Выбрать главу

На следующий вечер после моего был спектакль по стихам китайского поэта, эмигрировавшего после культурной революции во Францию. Он сидел в инвалидной коляске возле сцены и после того, как актеры попели, на разные лады покричали, слегка пританцовывая, и прошептали его стихи, он сам выехал на сцену, развернул мощно коляску к зрителям и замер, уставясь в потолок. К нему подошел Франсуа и стал рядом, руки по швам. С другой стороны подошла актриса с текстами стихов и протянула ему первый лист. Поэт в недоумении посмотрел на нее и поднял руку, но, когда лист коснулся ладони, он сразу же ее отдернул. Так повторялось несколько раз, но наконец он взял-таки этот лист и стал выкрикивать отдельные звуки — а, б, с — со страшной шаманской энергией. Немного похоже на Пригова. Слова не имеют значения, важна только беззвучная сила за ними, это и есть шаманство, заклинания, но поскольку звуки эти не сакральны, то выходило просто излияние скрытой витальности, которой было много в этом калеке. В программе было написано, что он в основном художник, увечье его не имело отношения к культурной революции. После прочтения он передавал лист Франсуа, и тот мял, рвал и бросал его на пол с явным удовольствием. Означало ли это своего рода жертвоприношение слова или подчеркивало единственность и уникальность этого сиюминутного листа — не знаю. Но Франсуа во всем был значителен — что бы ни делал. Вообще они все были хорошие актеры и делали, что могли. Но бедная, бедная поэзия! Она боится театра. Я сама могу любить Театр не меньше Белинского и тянуться к Нему: я выросла в Театре, я читала стихи в подвальном театрике “Приют комедианта”, где шел спектакль, поставленный Юрием Томашевским по моей “Повести о Лисе”… И все же я понимаю, насколько театр чужероден Поэзии, скрытной и таинственной. Хотя — пусть искажение, пусть даже легкое надругательство — мне это мило.

ПРОИСХОЖДЕНИЕ АРНО ЦАРТА

Году в 79-м мне захотелось сочинять стихи от имени мужчины: так, чтобы все поверили в его реальное существование, вроде Черубины де Габриак, только сильного пола. Имя дала ему Арно, в честь немецкого поэта Арно Хольца, чья статья о поэтическом ритме когда-то меня поразила: в ней говорилось о том, что каждая перемена чувства, изменение мысли в стихотворении должны сопровождаться трансформацией ритма. А фамилию придумала, отбросив первые две буквы светлого имени.

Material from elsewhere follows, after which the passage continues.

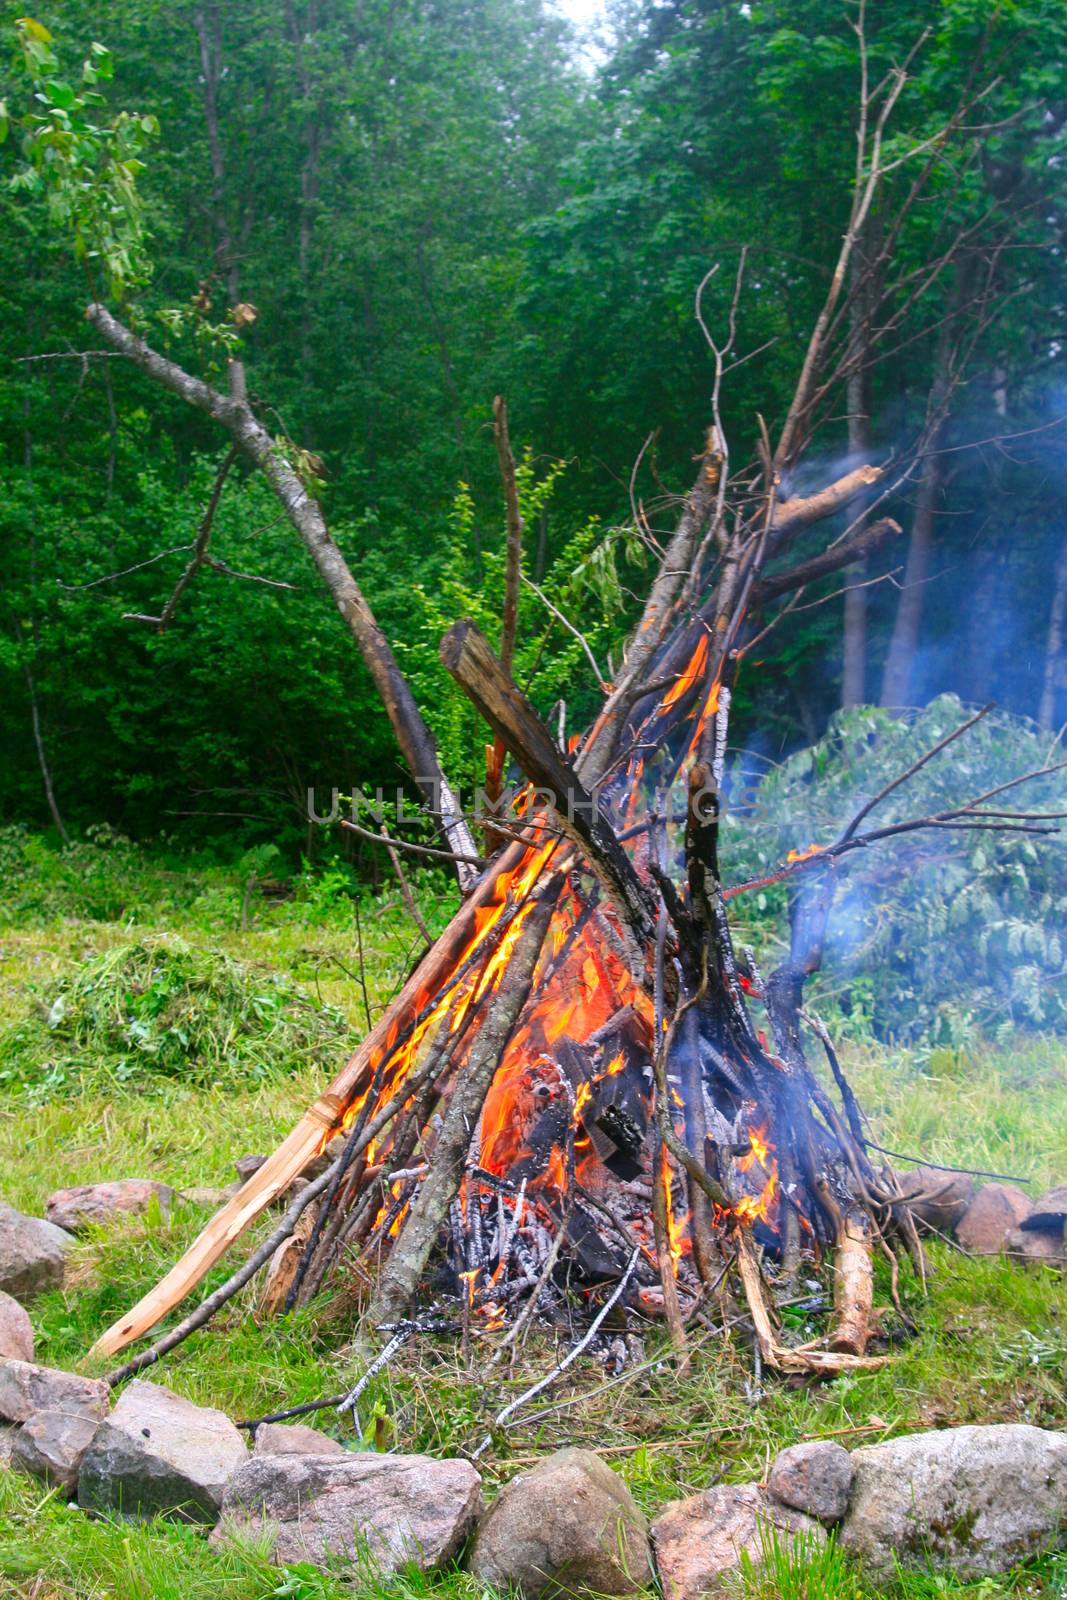 The Bonfire by Valokuva24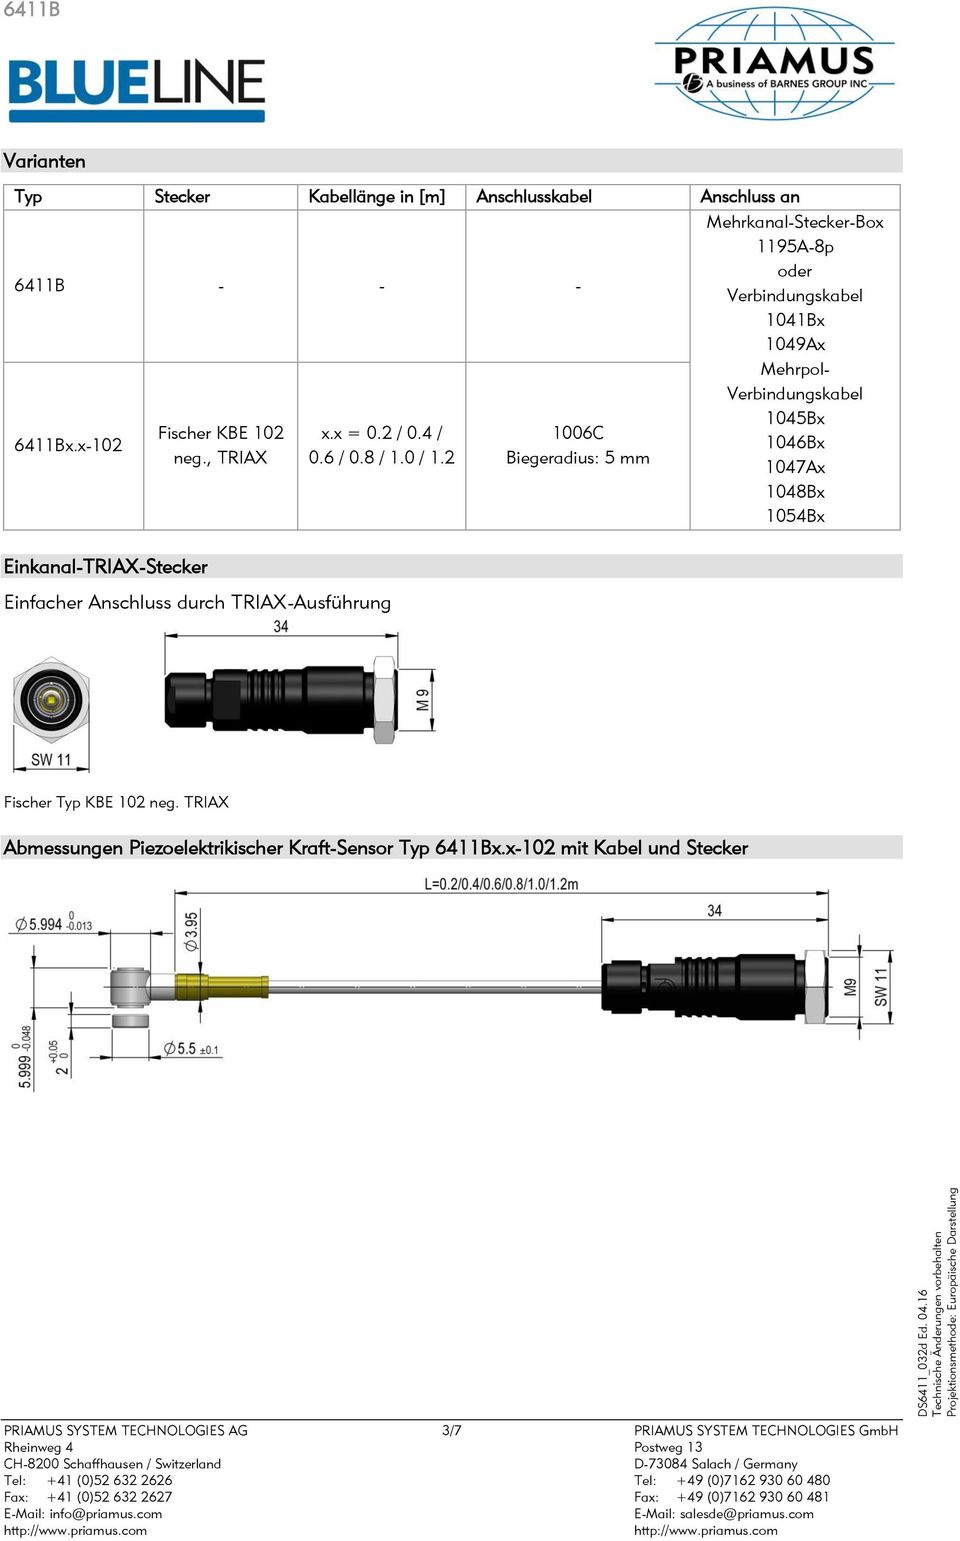 2 Einfacher Anschluss durch TRIAX-Ausführung 1006C Biegeradius: 5 mm Mehrkanal-Stecker-Box 1195A-8p oder Verbindungskabel 1041Bx 1049Ax

Представлялся он мне полурусским-полунемцем, худым и чуть выше среднего роста. Впоследствии, когда я нашла человека, согласившегося для смеха себя за него выдавать, внешность его (для других, по крайней мере) изменилась. Он стал двойником Юры Латышева, высоким, полноватым и с длинными светлыми волосами, которых у Юры не было, он надевал парик. В таком виде он предстал перед Виктором Кривулиным, которого первого я хотела с этим поэтом познакомить, чтобы Витя устроил ему чтение в “Клубе-81”. Так бы оно и вышло, если б меня не разоблачили раньше времени.

Арно Царт по замыслу должен был вызывать всеобщее обожание, но сам оставаться всегда холодным, “ледяное сердце”, как сказала о нем Лиса. Вначале я написала два стихотворения от его имени, но внезапно он стал вместо автора персонажем и стал писать о себе в третьем лице, сочинив поэму о себе и любви к нему Лисы. Потом еще одну уже о самой Лисе, которая внезапно становится совершенно другой, коварной и лукавой, совсем не такой преданной и страдающей, как в первой поэме. То ли Лиса мстила за несчастную любовь, то ли она была на самом деле им самим, его скрытой сущностью и переняла все его свойства. Получилось сочинение вроде матрешки: я, внутри меня Арно, а внутри него Лиса.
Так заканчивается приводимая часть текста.